For now lets hope things go well for MT.

Any news on this?


_Modified by orttauq at 1:06 AM 11-22-2006_


----------



## v10tdiguy (Jan 17, 2004)

*Re: (orttauq)*


_Quote, originally posted by *orttauq* »_
Any news on this?


I have not heard anything from MT for a while now.
MT, any news???

I am still very interested in this but I wanted to wait for MT's results before proceeding further.
How many other V10 owners would seriously consider this if a mod was available?


----------



## leebo (Dec 17, 2003)

*Re: (v10tdiguy)*


_Quote, originally posted by *v10tdiguy* »_...How many other V10 owners would seriously consider this if a mod was available?

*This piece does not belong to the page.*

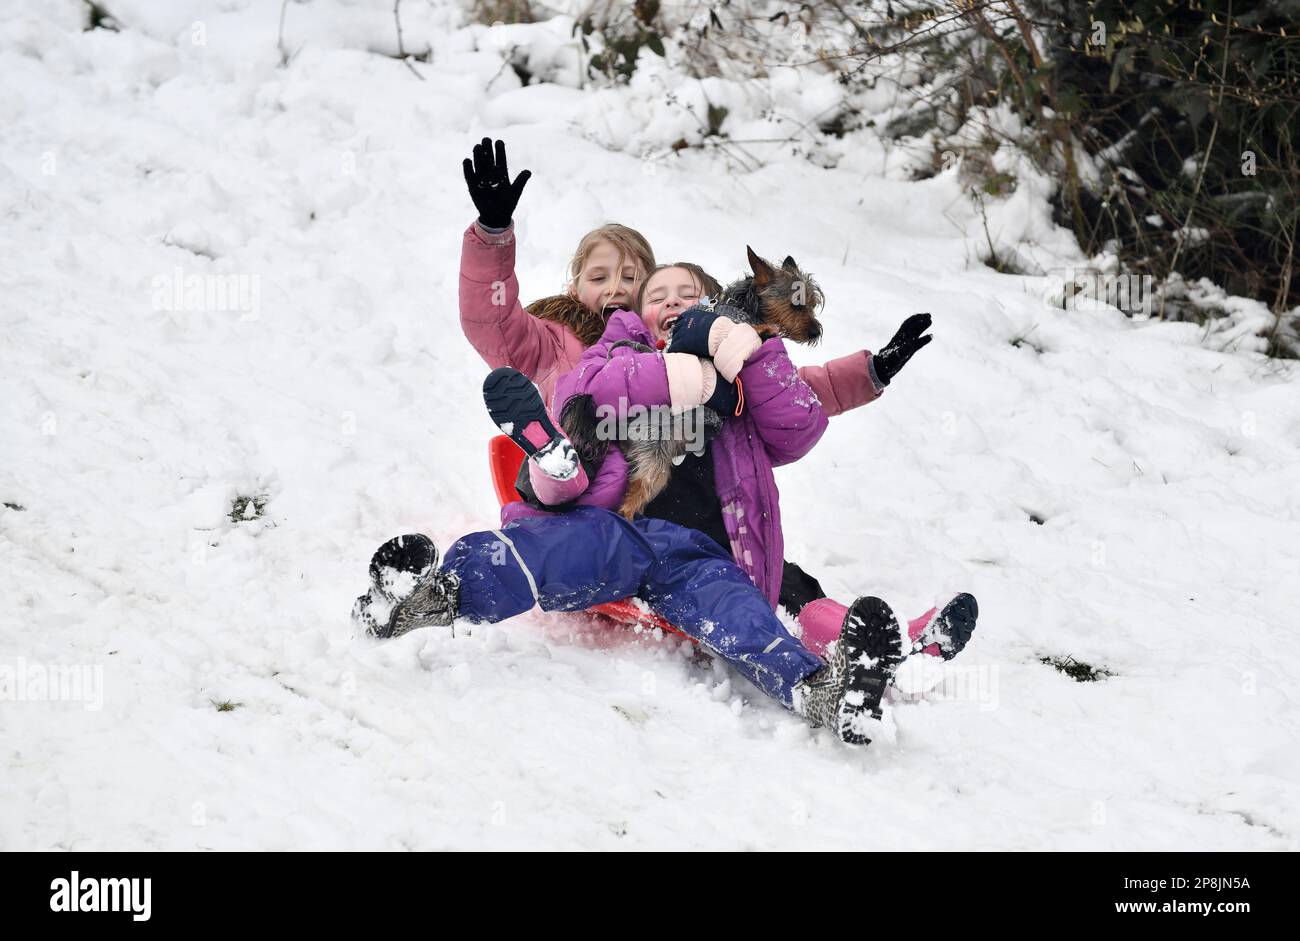 Divertimento sulla neve. Ragazze giovani che slittano con il loro cane da compagnia. Regno Unito inverno inverni neve slitta toboga toboga Credit: David Bagnall Foto Stock

I would consider it. It would depend on the degree of difficulty and cost. The "cold" here really isn't that harsh. Heated seats, steering wheel and REST function pretty well. But it would be great to pop on the heater a few minutes before leaving the office. Mmmm. Toasty.


----------



## MonsterTurbo58 (Jul 27, 2005)

Hi All,
Still waiting for my module. Once I have that then this thread will come back to life.
Happy Holidays
MT


----------



## DesertEight (May 30, 2004)

It's not cold enough here for me to test this; I wonder if you shut the engine off before it's completely warmed up (aux. heater is on) and select REST if that would extend the on cycle of the aux. heater?


----------



## v10tdiguy (Jan 17, 2004)

*Re: (DesertEight)*


_Quote, originally posted by *DesertEight* »_It's not cold enough here for me to test this; I wonder if you shut the engine off before it's completely warmed up (aux. heater is on) and select REST if that would extend the on cycle of the aux. heater?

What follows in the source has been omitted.